_Prompt_
What you return must be the lines of the data that hold the word "song".

_Records for the task_
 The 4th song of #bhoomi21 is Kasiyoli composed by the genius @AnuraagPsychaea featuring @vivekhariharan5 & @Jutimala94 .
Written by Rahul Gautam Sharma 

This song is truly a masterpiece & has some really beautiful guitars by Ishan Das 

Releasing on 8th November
--
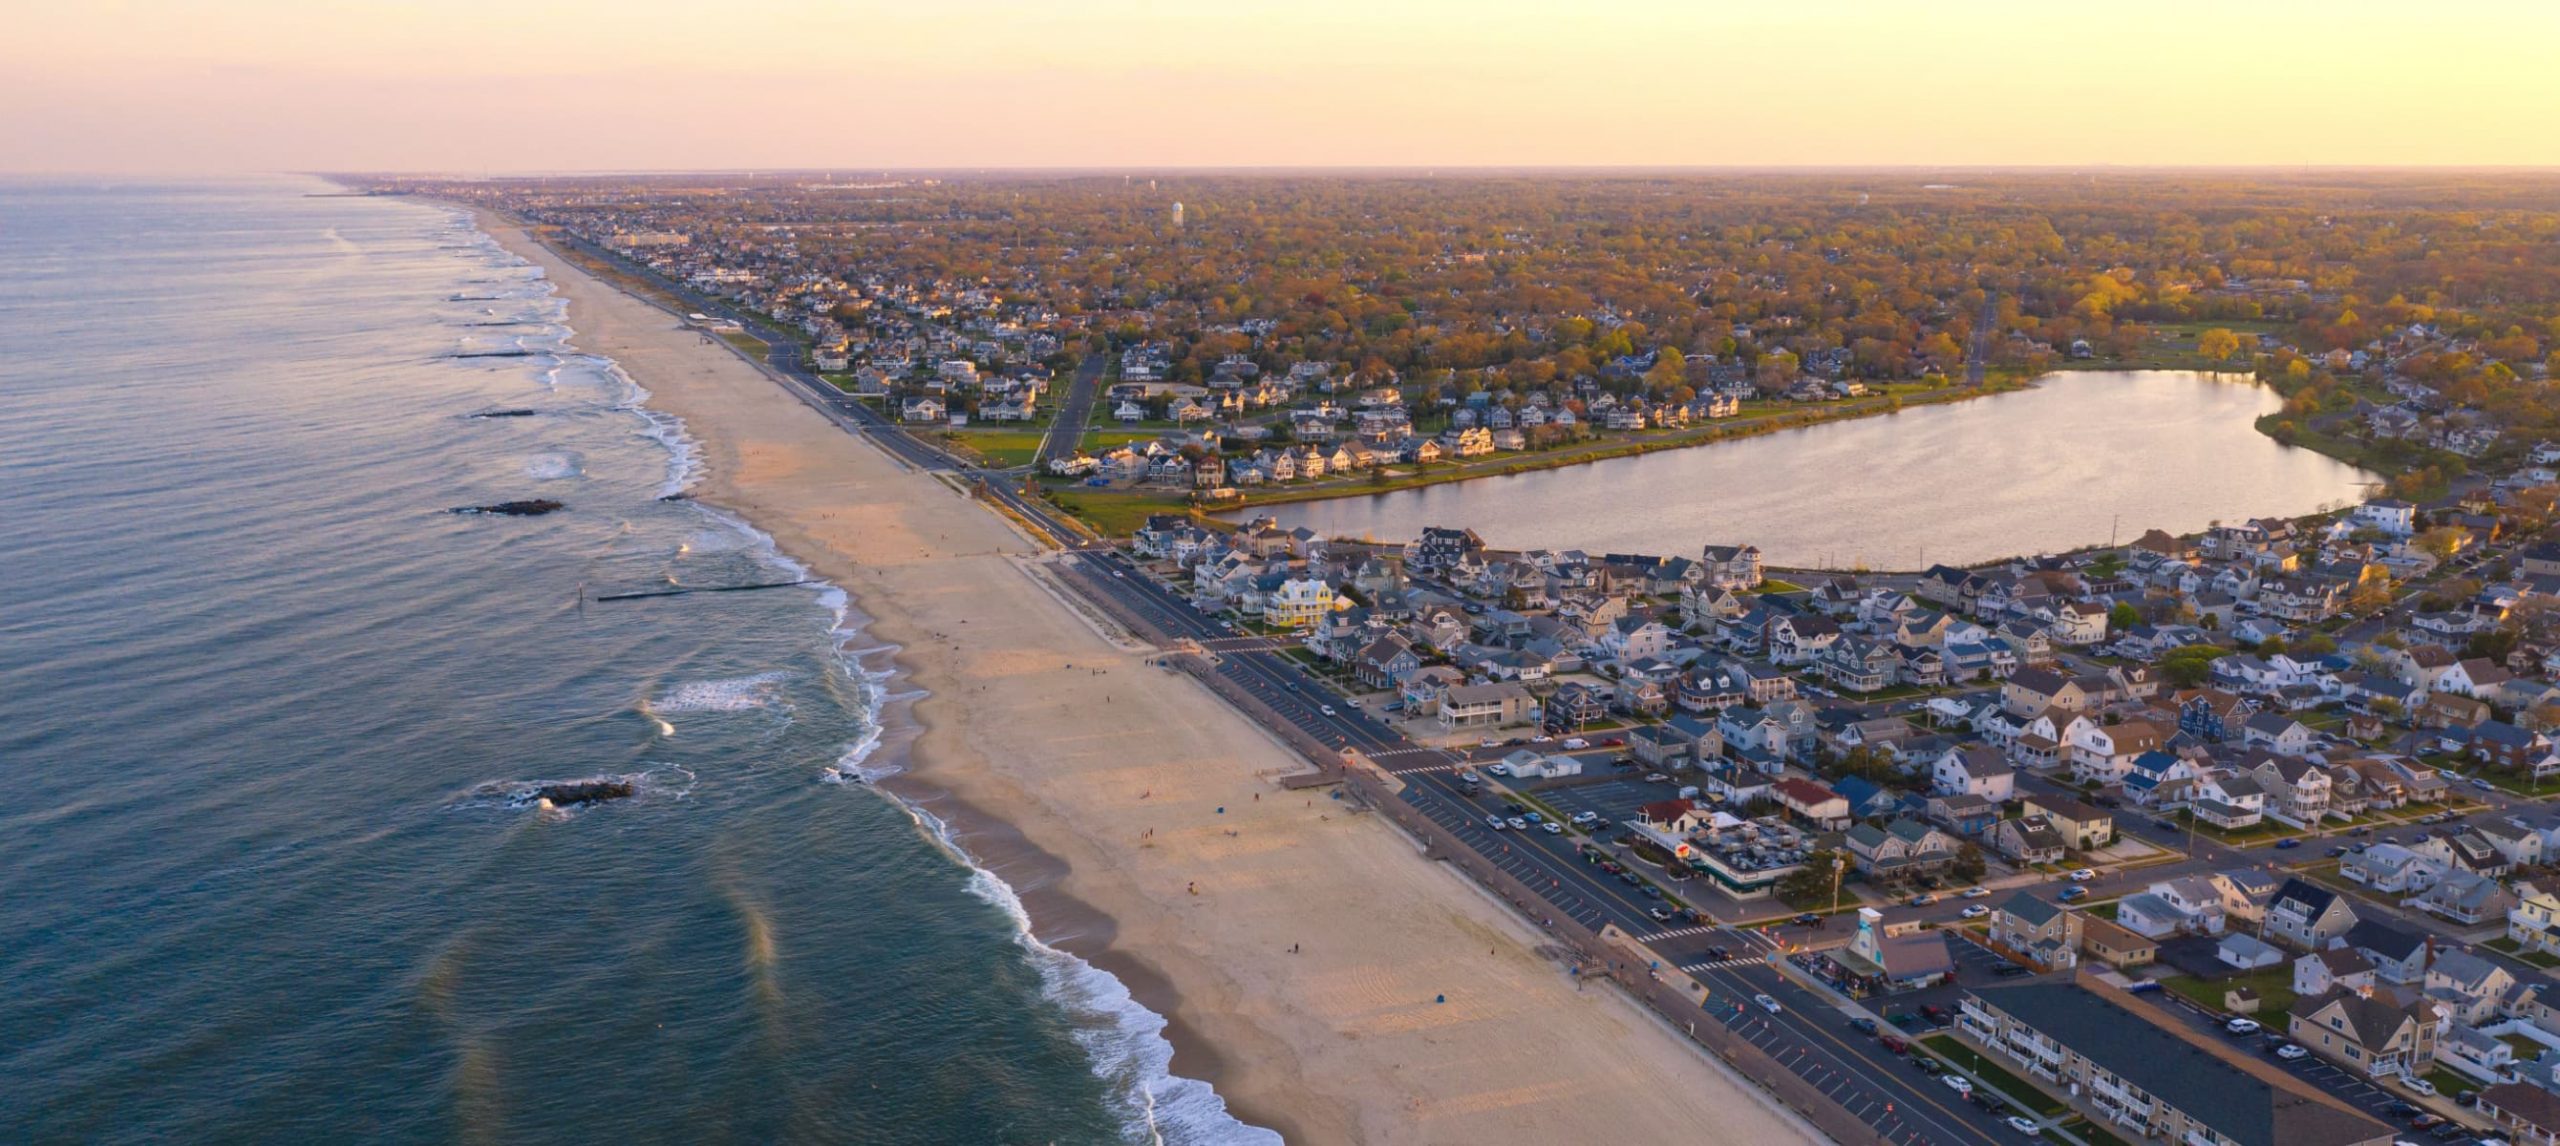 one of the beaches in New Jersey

_Answer section_
 The 4th song of #bhoomi21 is Kasiyoli composed by the genius @AnuraagPsychaea featuring @vivekhariharan5 & @Jutimala94 .
This song is truly a masterpiece & has some really beautiful guitars by Ishan Das 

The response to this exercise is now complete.